Profiles in Creation: Jay Delaney

Profiles in Creation: Jay Delaney

Chasing the new American dream

The big picture: Jay Delaney

The big picture: Jay Delaney

Not Your Typical Bigfoot Movie is a strange, oddly moving flick. It tracks Dallas Gilbert and Wayne Burton as they “research” the legendary and elusive bigfoot in Portsmouth, Ohio, a town that clearly has seen better days.

The emphysematic Gilbert and the burly Burton try to lure bigfoot out of the woods and onto film, spending almost all their time on the effort. Jay Delaney's movie, a decidedly independent, $11,000 production, debuted at South by Southwest in 2008, screened at the 2009 Cleveland International Film Festival, and will screen again at the Weapons of Mass Creation Fest, May 22 and 23.

It's a keeper. Not a runaway success and very much a cult flick, it's got legs.

“Ever since I was a teen-ager, I always loved movies,” says Delaney by phone from Chicago, where he's president and chief executive officer of the Edgewater Chamber of Commerce. “I loved Pee-wee's Big Adventure when I was a kid – it still is one of my favorite films –and I also remember the first Batman film with Michael Keaton.

"My family and I regularly went to see movies [while I was] growing up in southern Ohio. There weren't a whole lot of entertainment options.”

Delaney grew up in Lucasville and graduated from Wright State University in Dayton in 2001 with a marketing degree. That major allowed him to take only one film class.

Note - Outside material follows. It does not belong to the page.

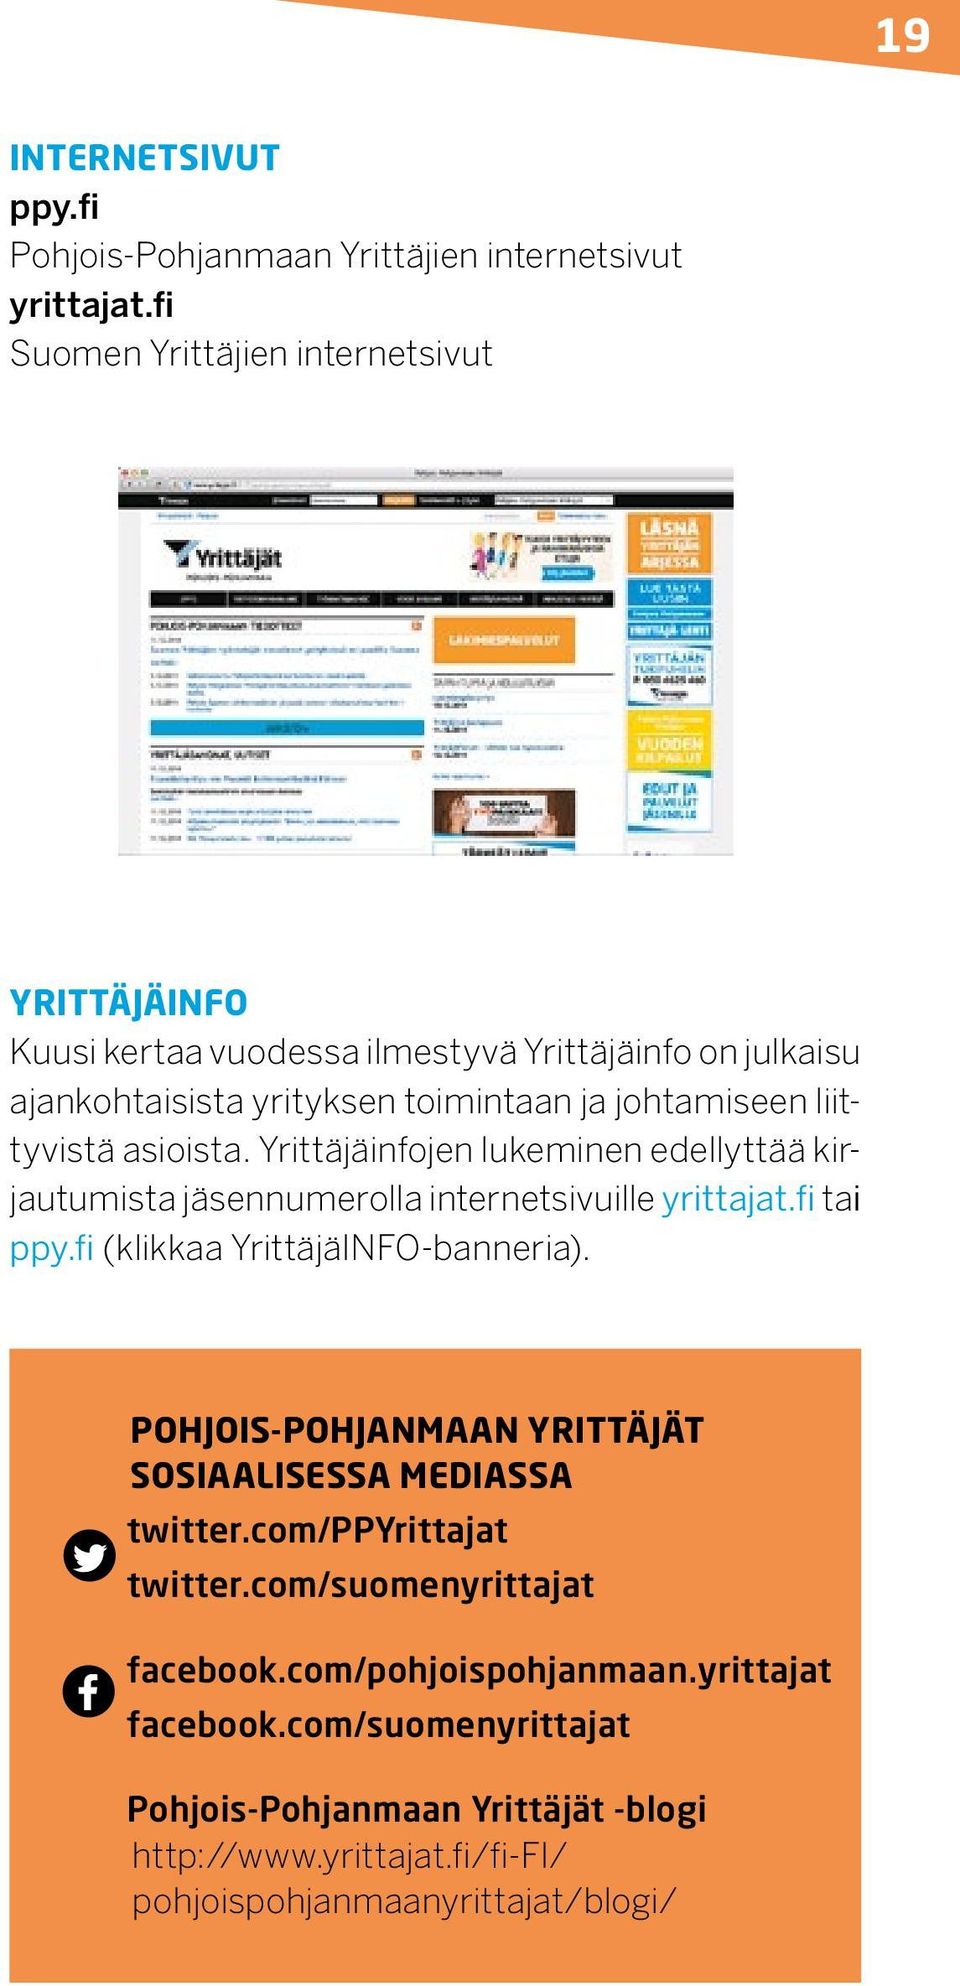 liittyvistä asioista. Yrittäjäinfojen lukeminen edellyttää kirjautumista jäsennumerolla internetsivuille yrittajat.fi tai ppy.fi (klikkaa YrittäjäINFO-banneria).

However, during his senior year, Delaney took a course in the films of the radical documentarian Frederick Wiseman, a specialist in social institutions whose notable films include The Cool World and the controversial Titicut Follies. The teacher was Robert Scherer, then associate dean of the Wright State business school. (Scherer is now dean of the business school at Cleveland State University.)

Delaney wrote his thesis on marketing independent films, and in 2001, made American Dream, a low-budget, low-fi short about Gilbert and Burton that years later evolved into Not Your Typical Bigfoot Movie.

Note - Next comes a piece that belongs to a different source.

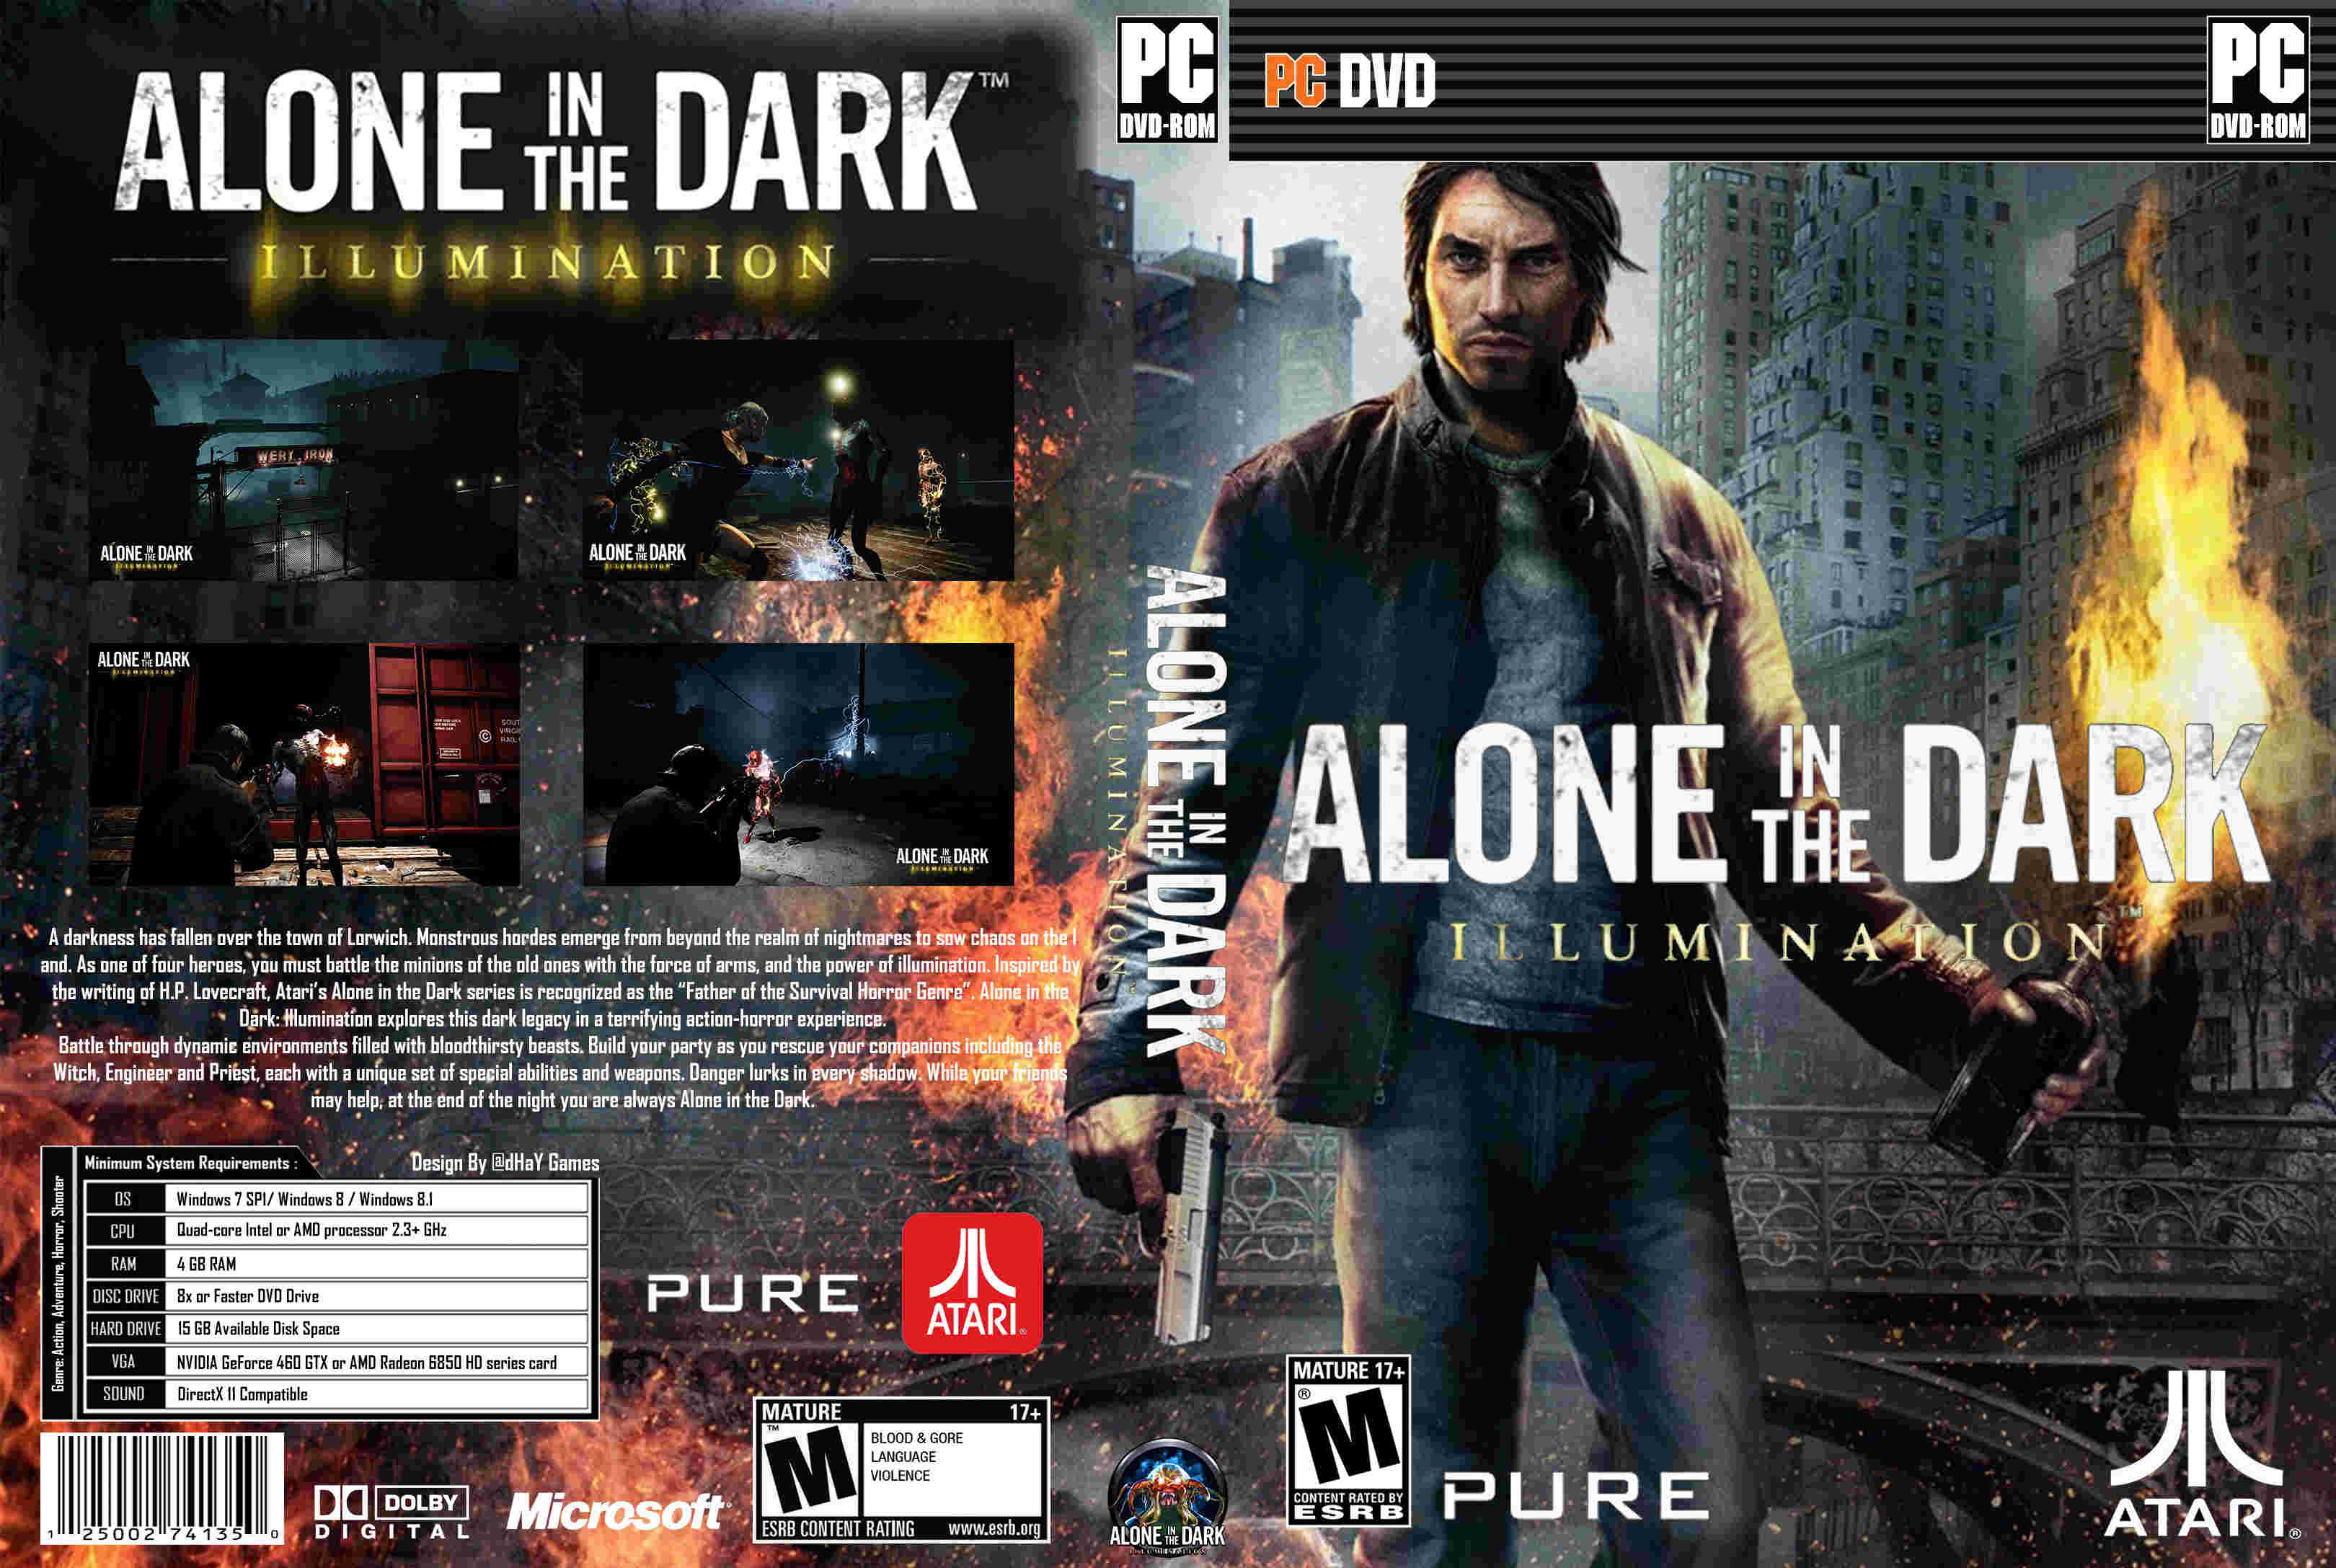 Alone in the dark 2024 талисман. Alone in the Dark: illumination. Alone in the Dark (2008) диск. Alone in the Dark игра 2015. Alone in the Dark: illumination (2015) диск.

“What intrigued me is that these two guys, who are the subjects of the film, are from Portsmouth, just outside of Lucasville,” says Delaney. “I loved the idea that they have this passion for bigfoot and for proving to the world that bigfoot exists.

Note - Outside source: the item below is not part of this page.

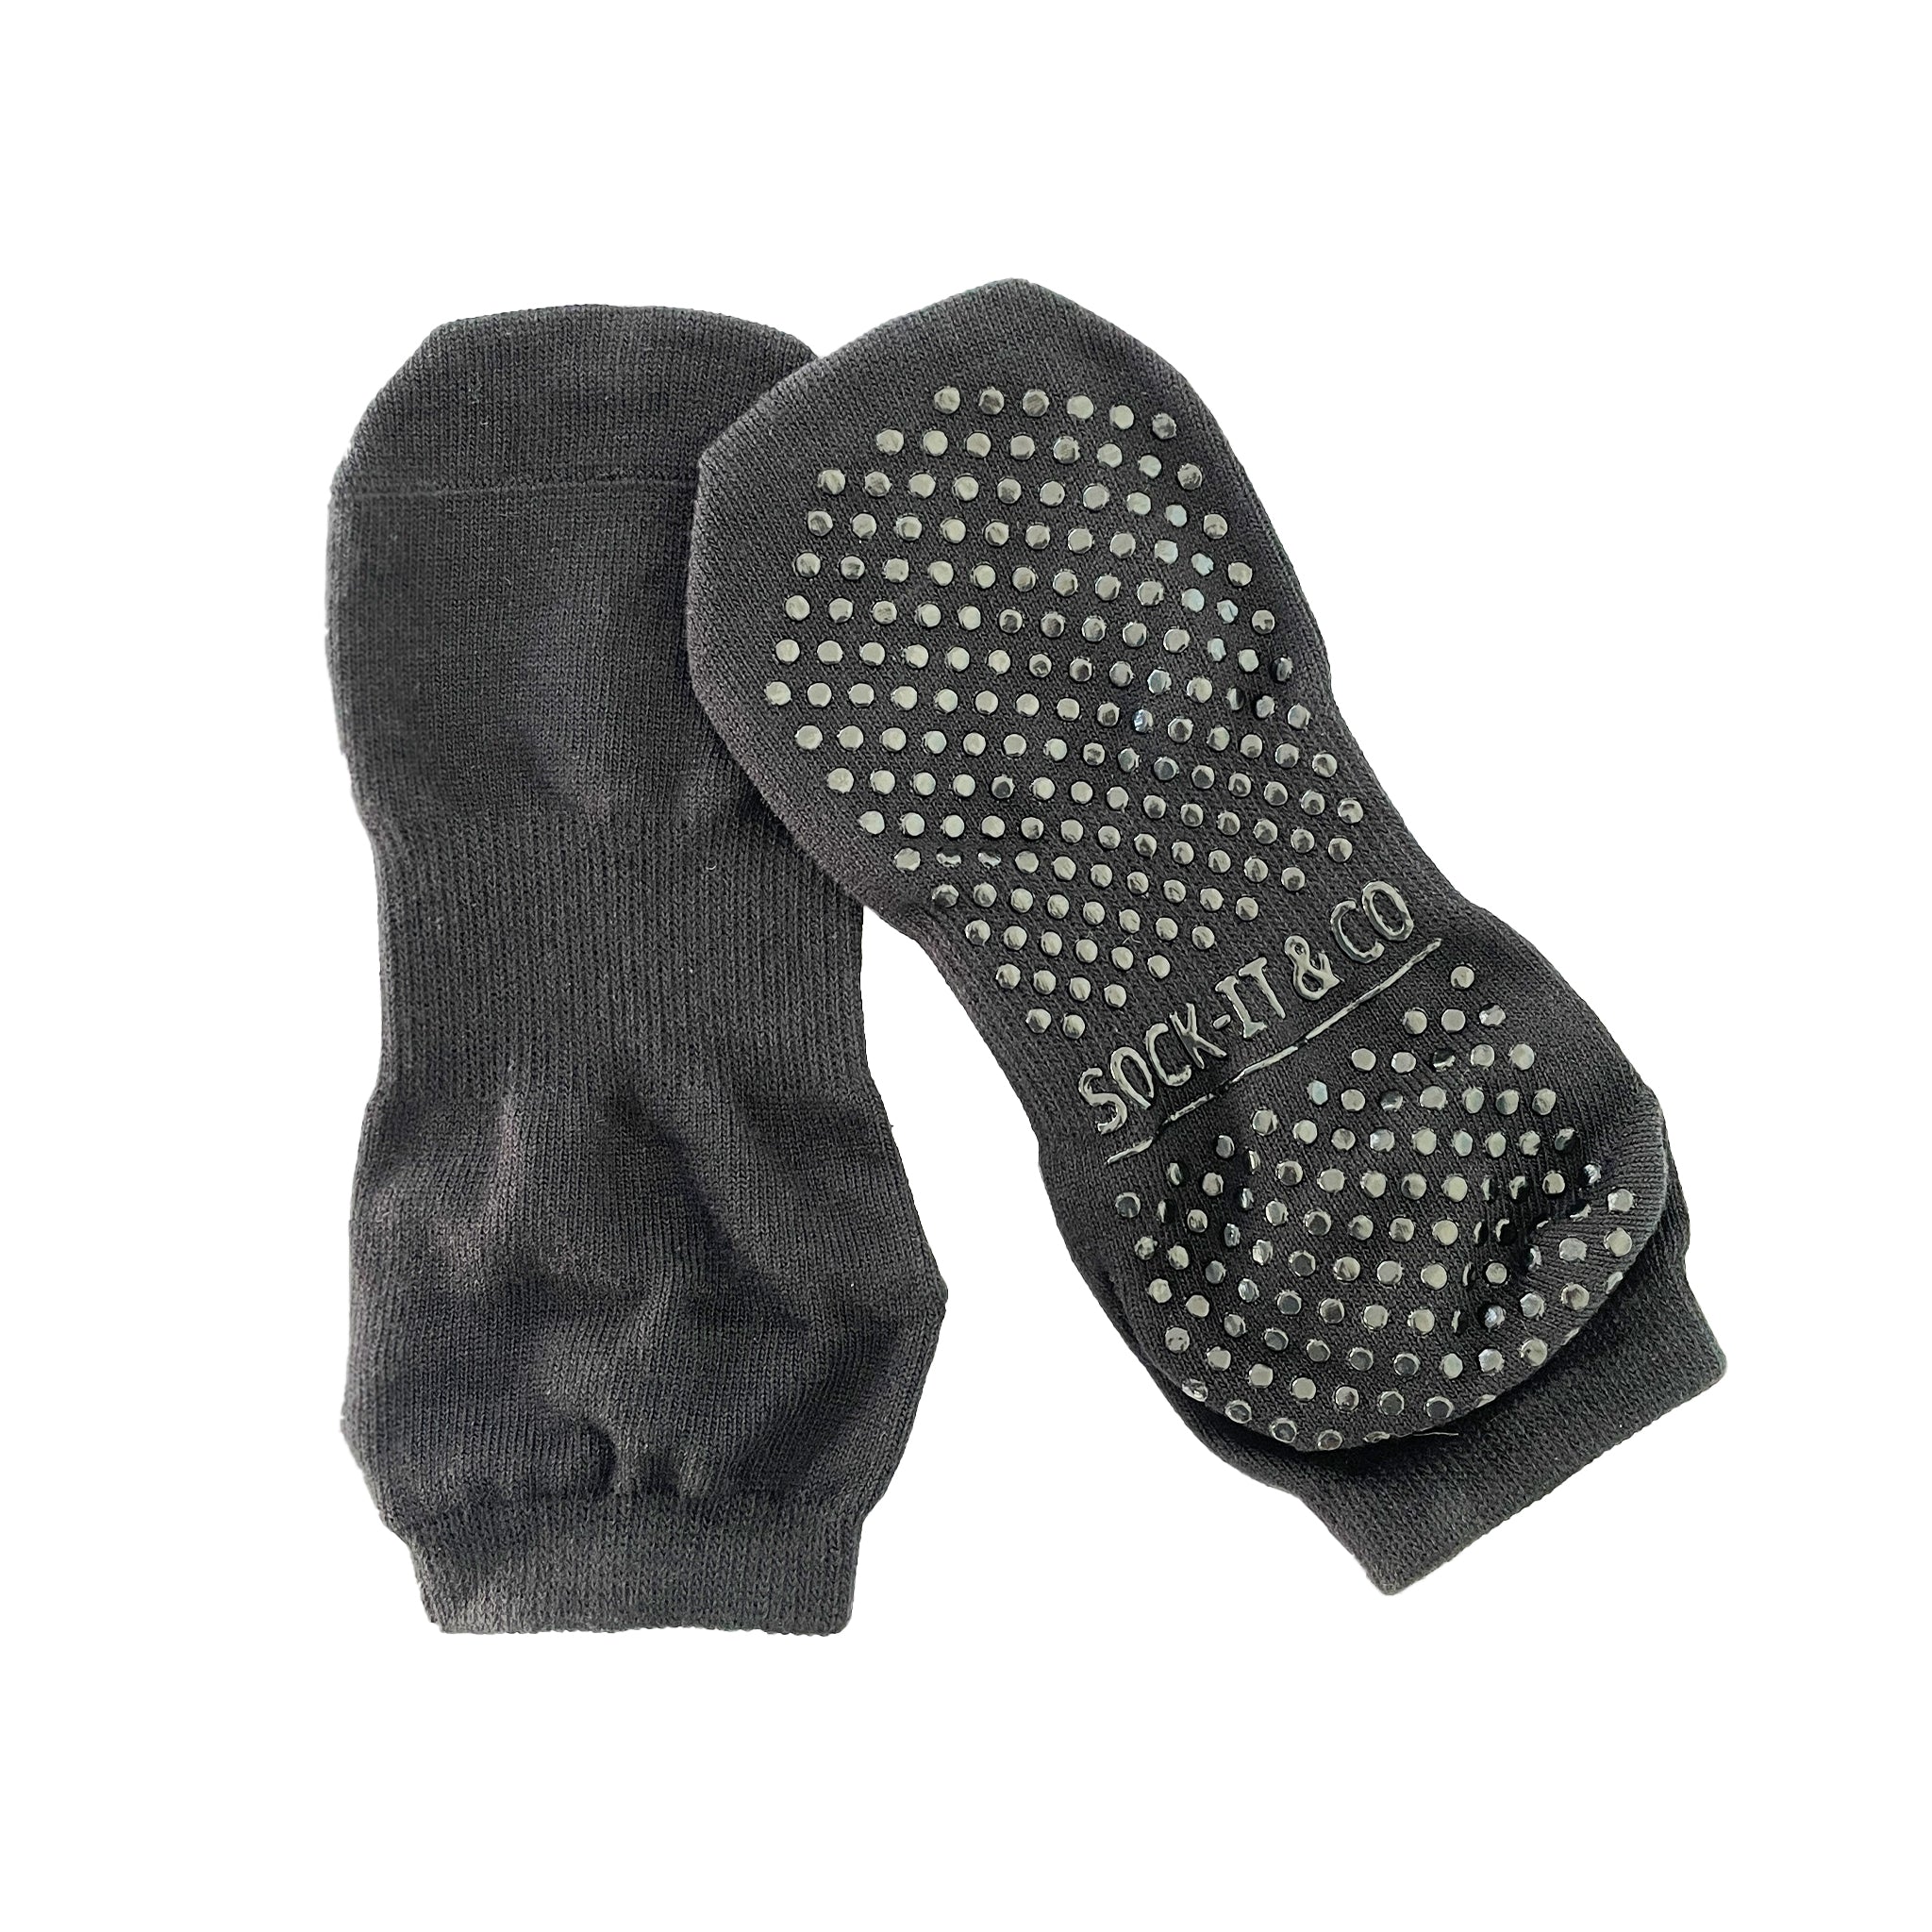 Toeless Black Non Slip Grip Sock

"Coming from that area and knowing the challenges they face, and the passion they have within them, after initially making a short film about them, I thought it would be curious to figure out why they're doing their research… What drew me to the film was this dream, that they have, a different take on the American dream.”

The original, black-and-white short is explicit about that dream: Gilbert says he hopes his bigfoot work will finally afford him and his wife that vacation they've never taken. In the feature-length color film, the picture is murkier.

Gilbert and Burton say they want to put bigfoot on the map, so to speak, but Gilbert seems far more sick, Burton far more depressed. Burton, in particular, comes off like the loser he says he is. It is a sadder, stranger and wiser movie, but it's also far less hopeful.

As for Delaney, he's dedicated to balancing the creative and the commercial. He spends his time in Chicago's northside Edgewater neighborhood marketing and promoting the area's many small businesses, creating networking events, staging educational workshops, and advocating for local businesses that have a beef with the City of Chicago.

“At my core, I think of myself as an entrepreneur, and that's really the common thread between my film making and my work at the chamber of commerce. My passion is in creating and in connecting people.

"With my filmmaking, my hope is that people will connect with Dallas and Wayne through that film; for me, in my chamber of commerce work, what I enjoy most is helping the small businesses here in the neighborhood.”

He also touts Ohio. Delaney noted that Shane Davis, the cinematographer on Not Your Typical Bigfoot Movie, is from Ohio; so is the executive producer and sound mixer, Jeff Montavon. Ohioans Justin Riley and Ben Colburn wrote the music, played by all-Ohio musicians, including songwriter Crowe Montgomery.

Delaney is working on another film, “about a guy who gets laid off from a corporate job and sets off on a road trip to find meaning in his life.” He envisions it as a cross between Pee-wee's Big Adventure and Into the Wild.

Not Your Typical Bigfoot Movie will screen on Sunday, May 23 at the Weapons of Mass Creation festival at Parish Hall & Church, 6205 Detroit Avenue, Cleveland 44102. Jay Delaney will be there for a Q&A. His girlfriend is coming to Cleveland: she's a filmmaker, too. Check out www.wmcfest.com for more information.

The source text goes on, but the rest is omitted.